Bernat vivía con el recuerdo permanente del muchacho de la forja. No se sentía culpable; aquel desgraciado se había interpuesto en el camino de su hijo. Pero si había muerto… Podía obtener la libertad de su señor, pero aunque hubiera transcurrido un año y un día no se libraría de la condena por asesinato. Guiamona le había recomendado que no se lo dijera a nadie, y así lo había hecho. No podía arriesgarse; quizá Llorenç de Bellera no sólohabía dado orden de capturarlo por fugitivo, sino también por asesino. ¿Qué pasaría con Arnau si lo detenían? El asesinato se castigaba con la muerte.
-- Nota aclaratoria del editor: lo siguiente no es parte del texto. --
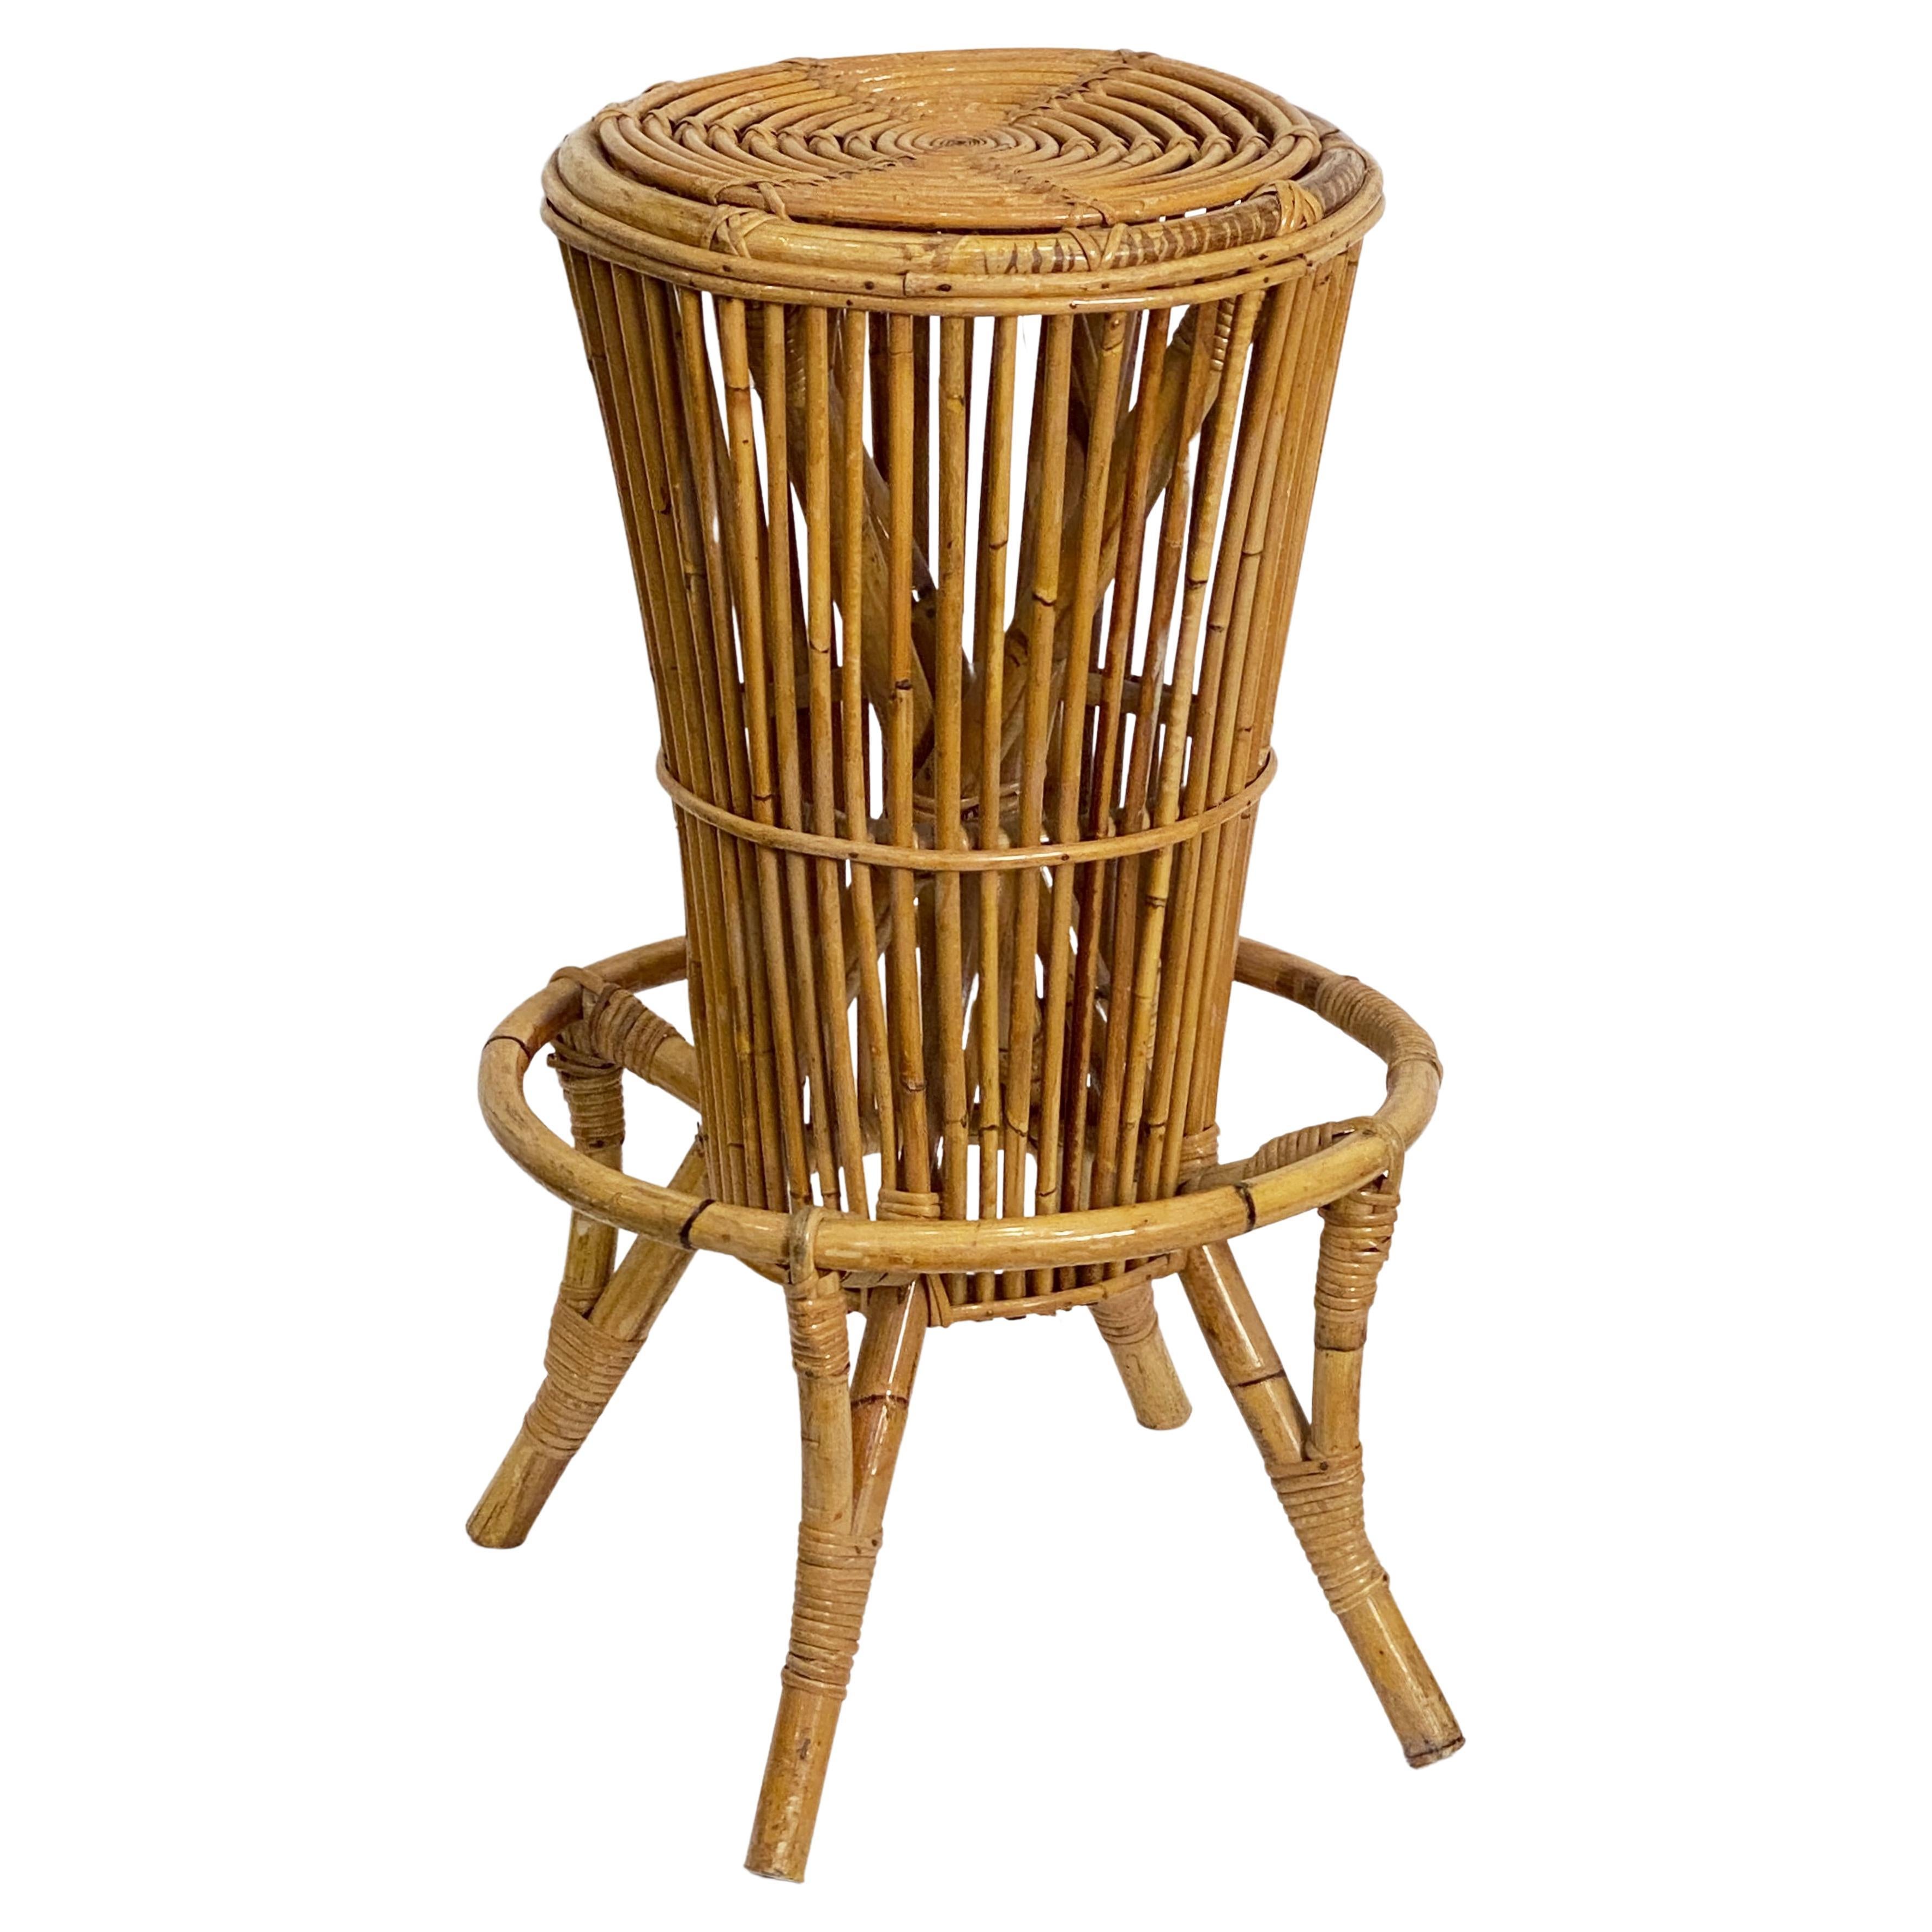 Italian Stool of Rattan and Bamboo from the Mid-20th Century

Su hijo seguía creciendo sano y fuerte. Todavía no hablaba, aunque ya gateaba y lanzaba unos gorgoritos que erizaban el vello de Bernat. Aun cuando Jaume seguía sin dirigirle la palabra, su nueva situación en el taller -que Grau, pendiente de sus negocios y sus cargos, ignoraba- había llevado a los demás a respetarlo más si cabe, y la mora le traía al niño con más frecuencia, despierto las más de las veces, con la aquiescencia tácita de Guiamona, que también estaba más ocupada debido a la nueva posición de su esposo.

Bernat no debía dejarse ver por Barcelona, ya que podía truncar el futuro de su hijo.

SEGUNDA PARTE SIERVOS DE LA NOBLEZA

6

Navidad de 1329

Barcelona

Arnau había cumplido ocho años y se había convertido en un niño tranquilo e inteligente. El cabello, castaño, largo y rizado, le caía sobre los hombros, enmarcando un rostro atractivo en el que destacaban los ojos, grandes, límpidos y de color miel.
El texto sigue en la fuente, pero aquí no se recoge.